- **TASK BRIEF**
After finding "Фотография объектива МС" in the data, write out its line and all following lines without change, up to and including the last one. Leave out pictures.

- **DATA SHOWN**
□ □ □ □

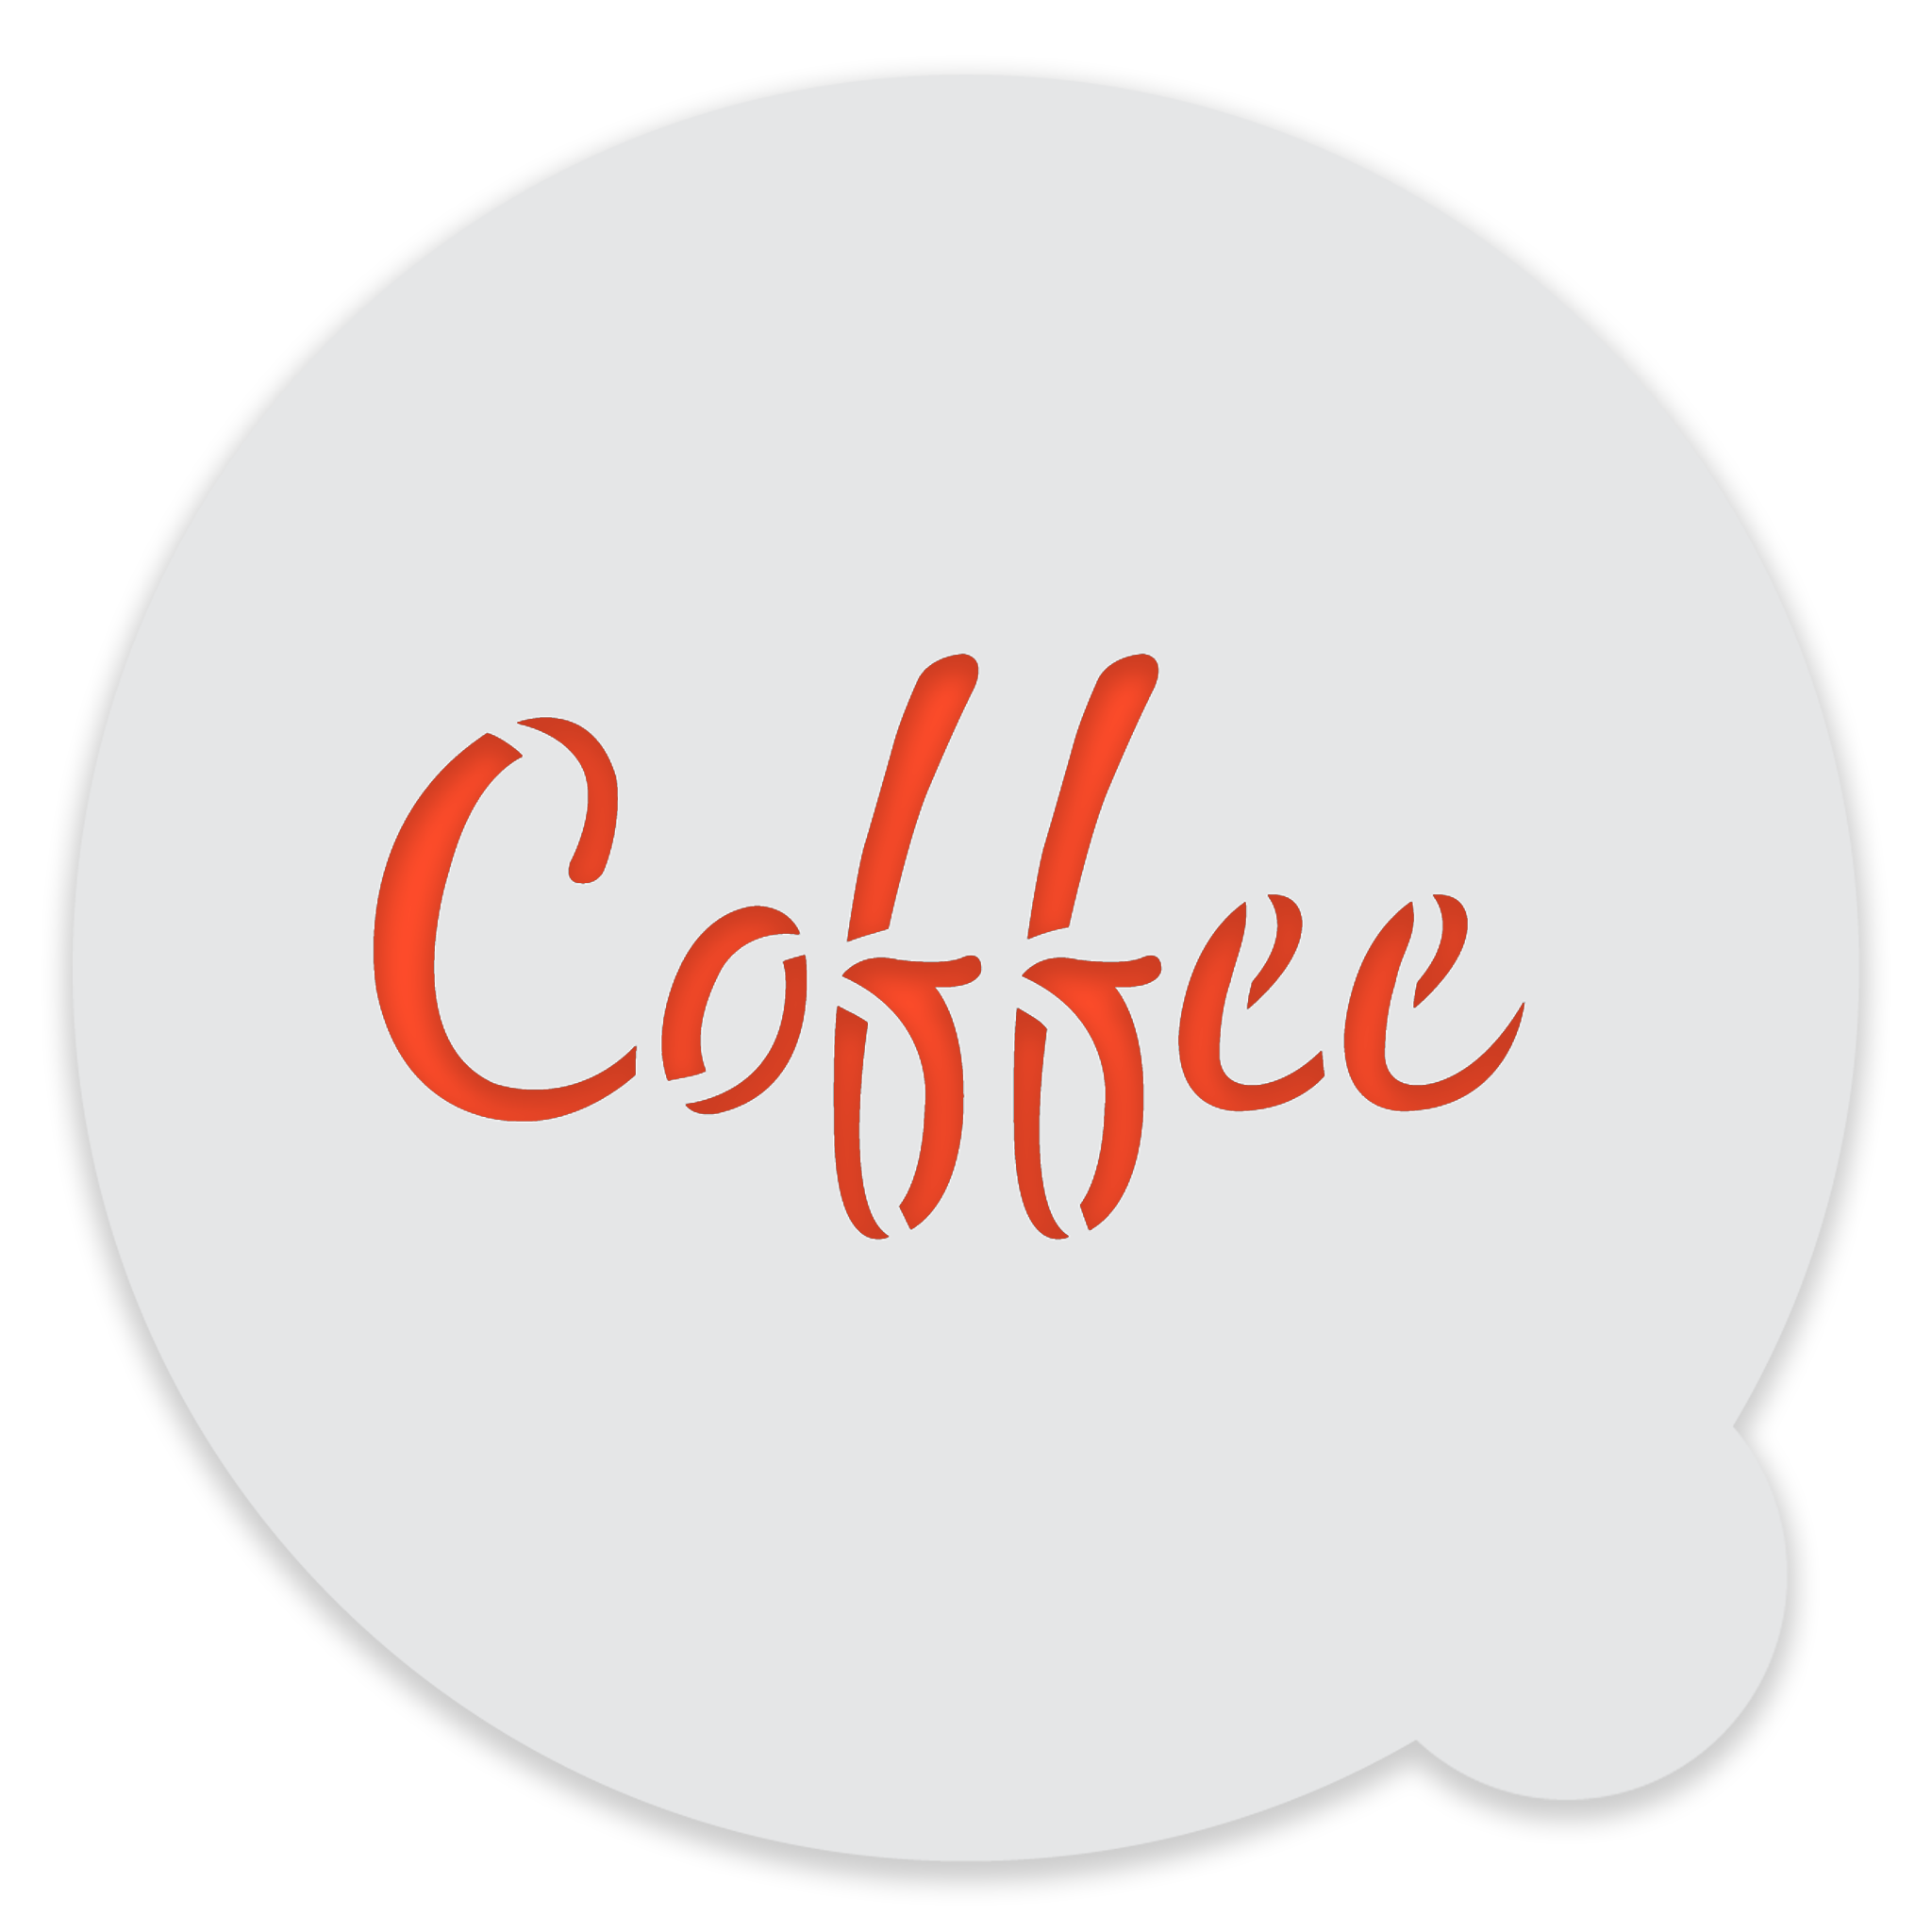 Cursive Text Coffee Stencil
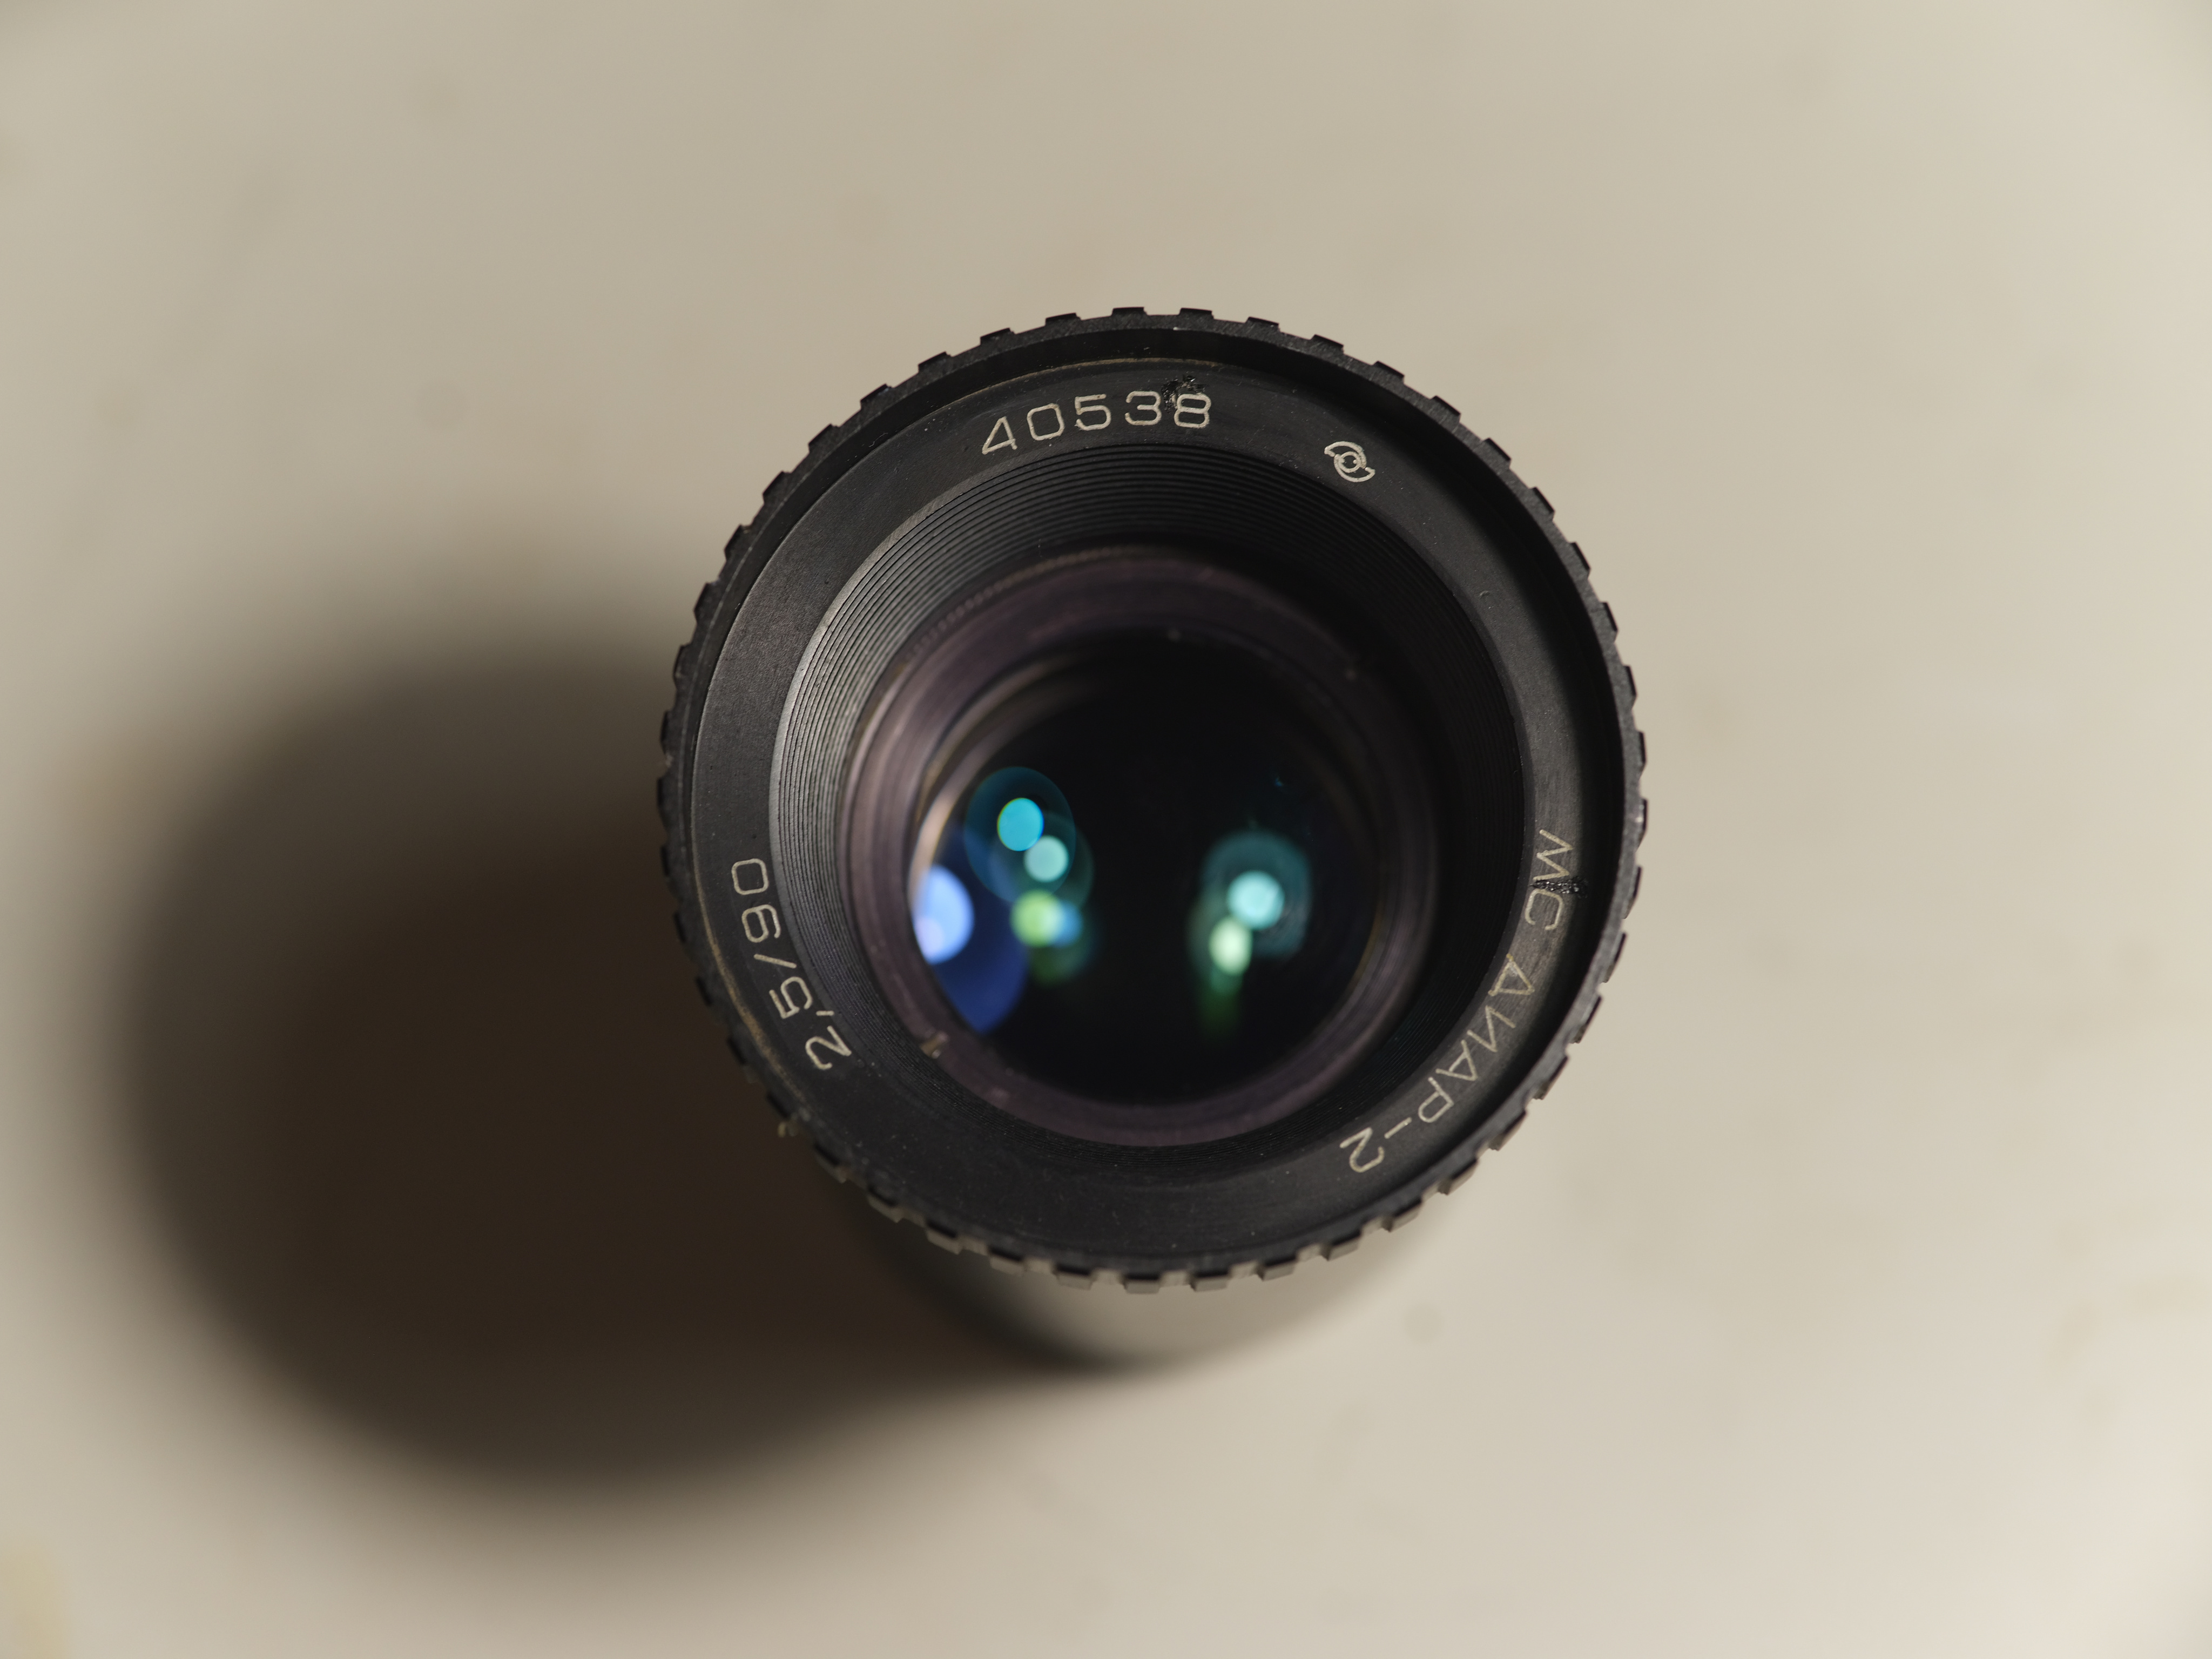 Фотография объектива МС Диар-2 с нетронутым линзоблоком. Фото предоставил Андрей Андреев
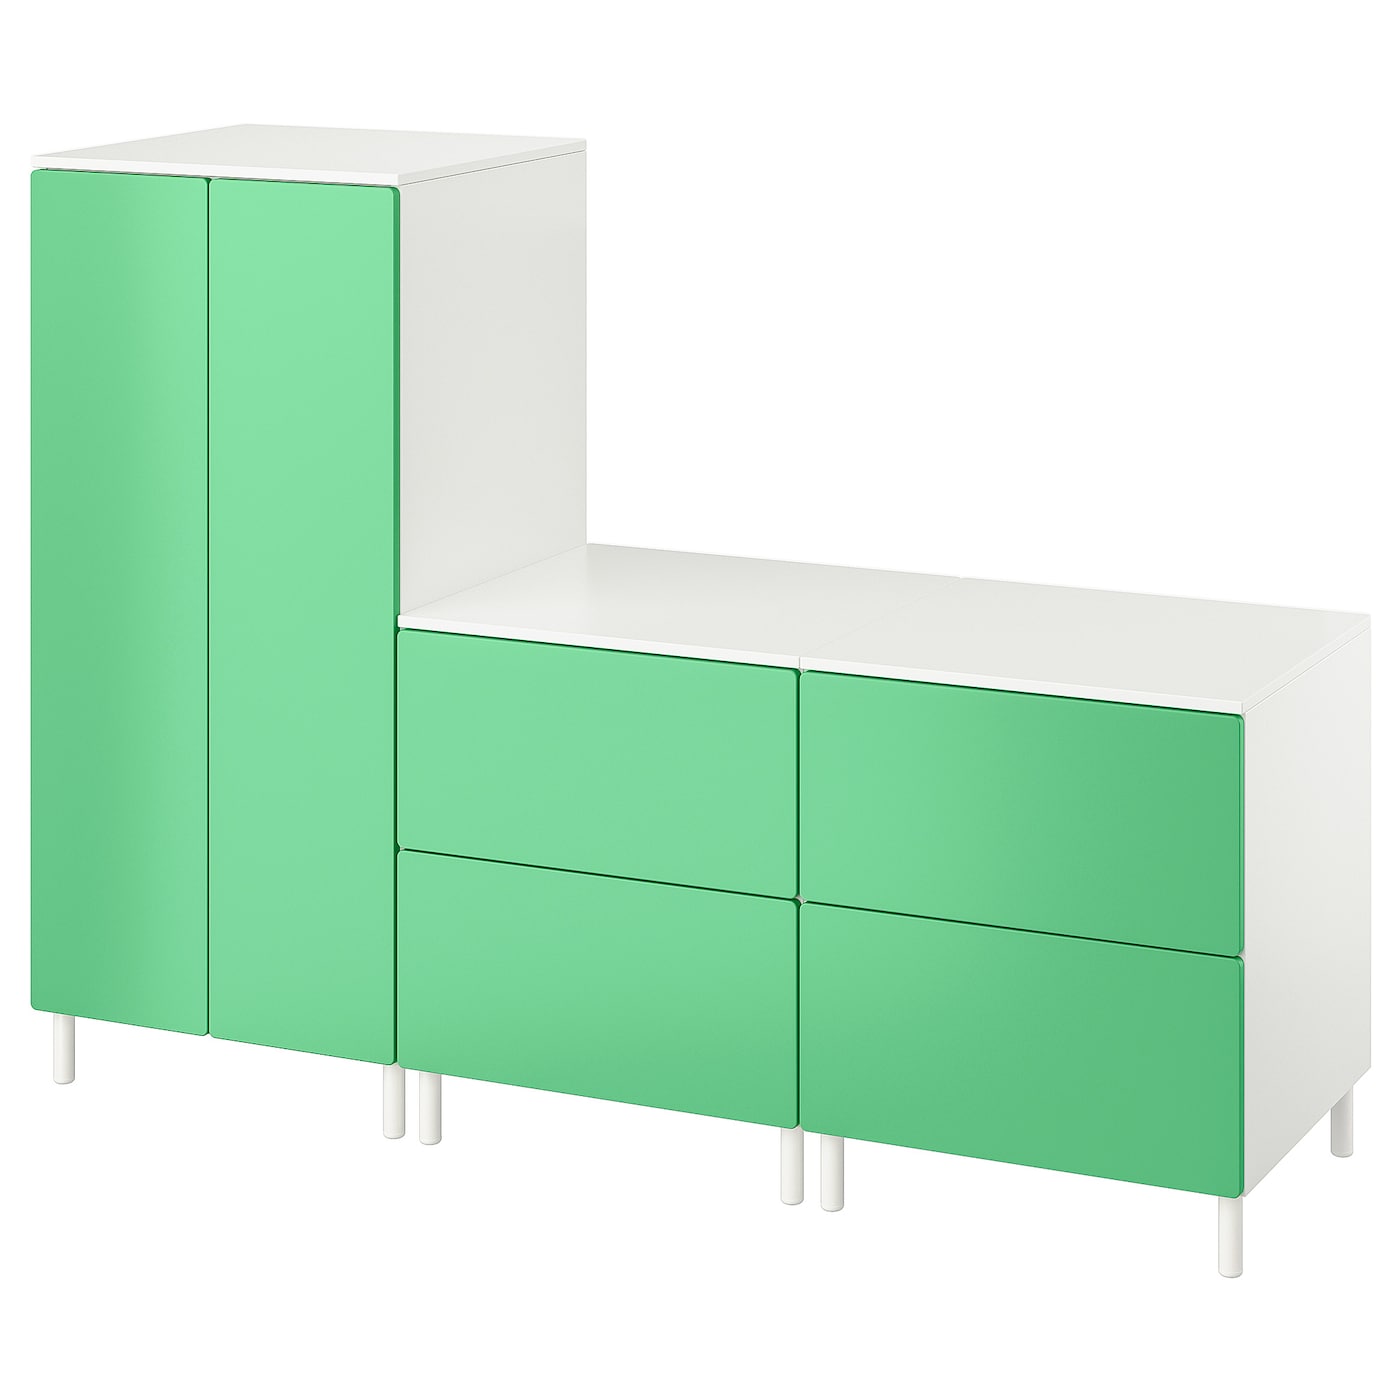 Шкаф - PLATSA/ SMÅSTAD / SMАSTAD  IKEA/ ПЛАТСА/СМОСТАД  ИКЕА, 180x57x133 см, белый/зеленый

□ □ □ □

- **RESPONSE AREA**
 Фотография объектива МС Диар-2 с нетронутым линзоблоком. Фото предоставил Андрей Андреев
 Шкаф - PLATSA/ SMÅSTAD / SMАSTAD  IKEA/ ПЛАТСА/СМОСТАД  ИКЕА, 180x57x133 см, белый/зеленый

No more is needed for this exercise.